A good rule is this: if the aircraft feels awkward to hand-fly at that moment, it is a bad moment to hand it to the autopilot. Fix the aeroplane first, then engage the automation.

If the aircraft crashes only on approach

Approach autopilot problems are usually tied to setup rather than basic flight control. Check three things first:

  • Correct frequency or procedure selected for the approach
  • Correct nav source active at the right time
  • Reasonable intercept angle and altitude before arming approach mode

If we try to capture the localiser from too far off course, too high, or with the wrong source selected, the aircraft may make dramatic corrections. That often ends in a missed approach at best, and a crash at worst.

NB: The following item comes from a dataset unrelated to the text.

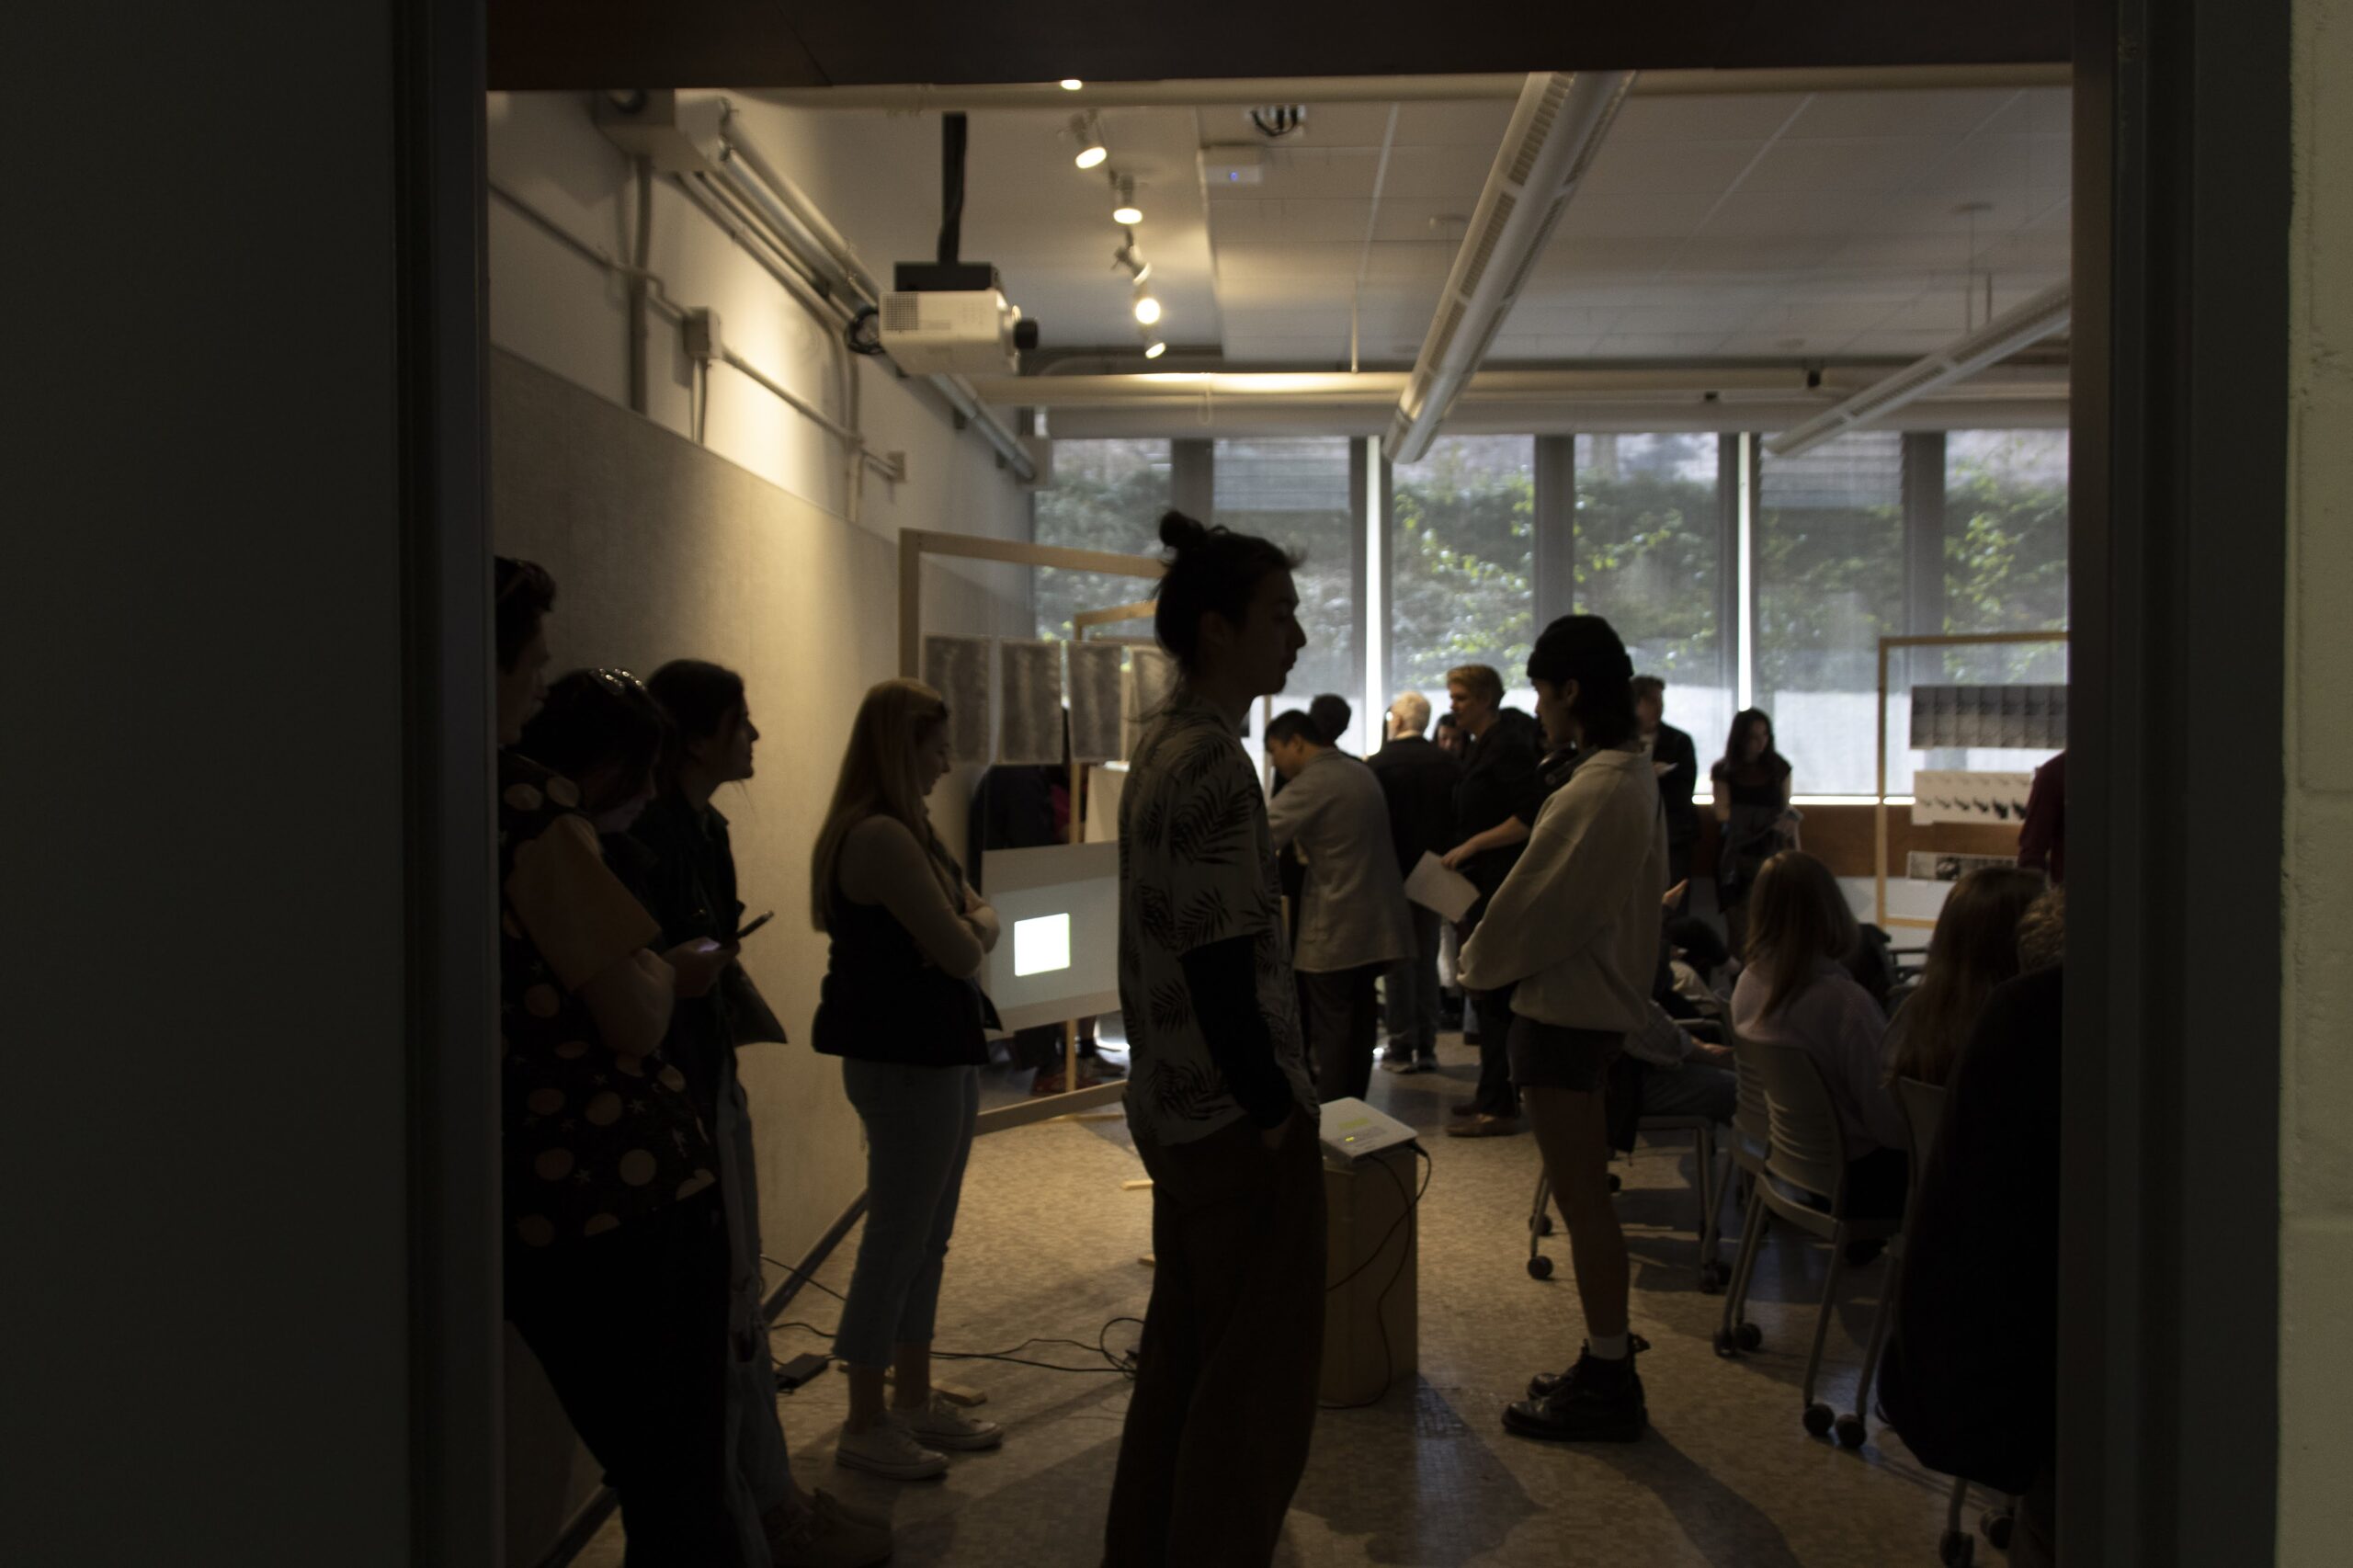 Students gathered to view a graduate project installation

If the aircraft crashes only in cruise

Cruise failures tend to be speed, trim, or route related. Watch for slow speed creep during climbs, sudden route discontinuities, fuel imbalance, or an accidental switch from managed navigation to heading hold.

Also check sim rate. If time acceleration was used and then forgotten, autopilot behaviour can become erratic very quickly, especially in weather or during climbs and descents.

Quick checklist to stop it happening again

  • Trim and stabilise before engaging autopilot
  • Use sensible climb and descent targets
  • Read the active autopilot modes, not just the selected buttons
  • Confirm GPS or radio nav source is correct
  • Remove duplicate controller and trim bindings
  • Avoid icing and severe turbulence unless the aircraft is equipped and configured for it
  • Test suspect aircraft without other mods loaded

If you want to expand your simulator with carefully organised aircraft, scenery, and utilities while troubleshooting compatibility, our MSFS downloads library is here: https://flyawaysimulation.com/downloads/.

The short answer is that autopilot crashes in Microsoft Flight Simulator 2020 nearly always come from setup, mode selection, aircraft state, or control conflicts. Once we identify which of those four is at fault, the fix is usually straightforward.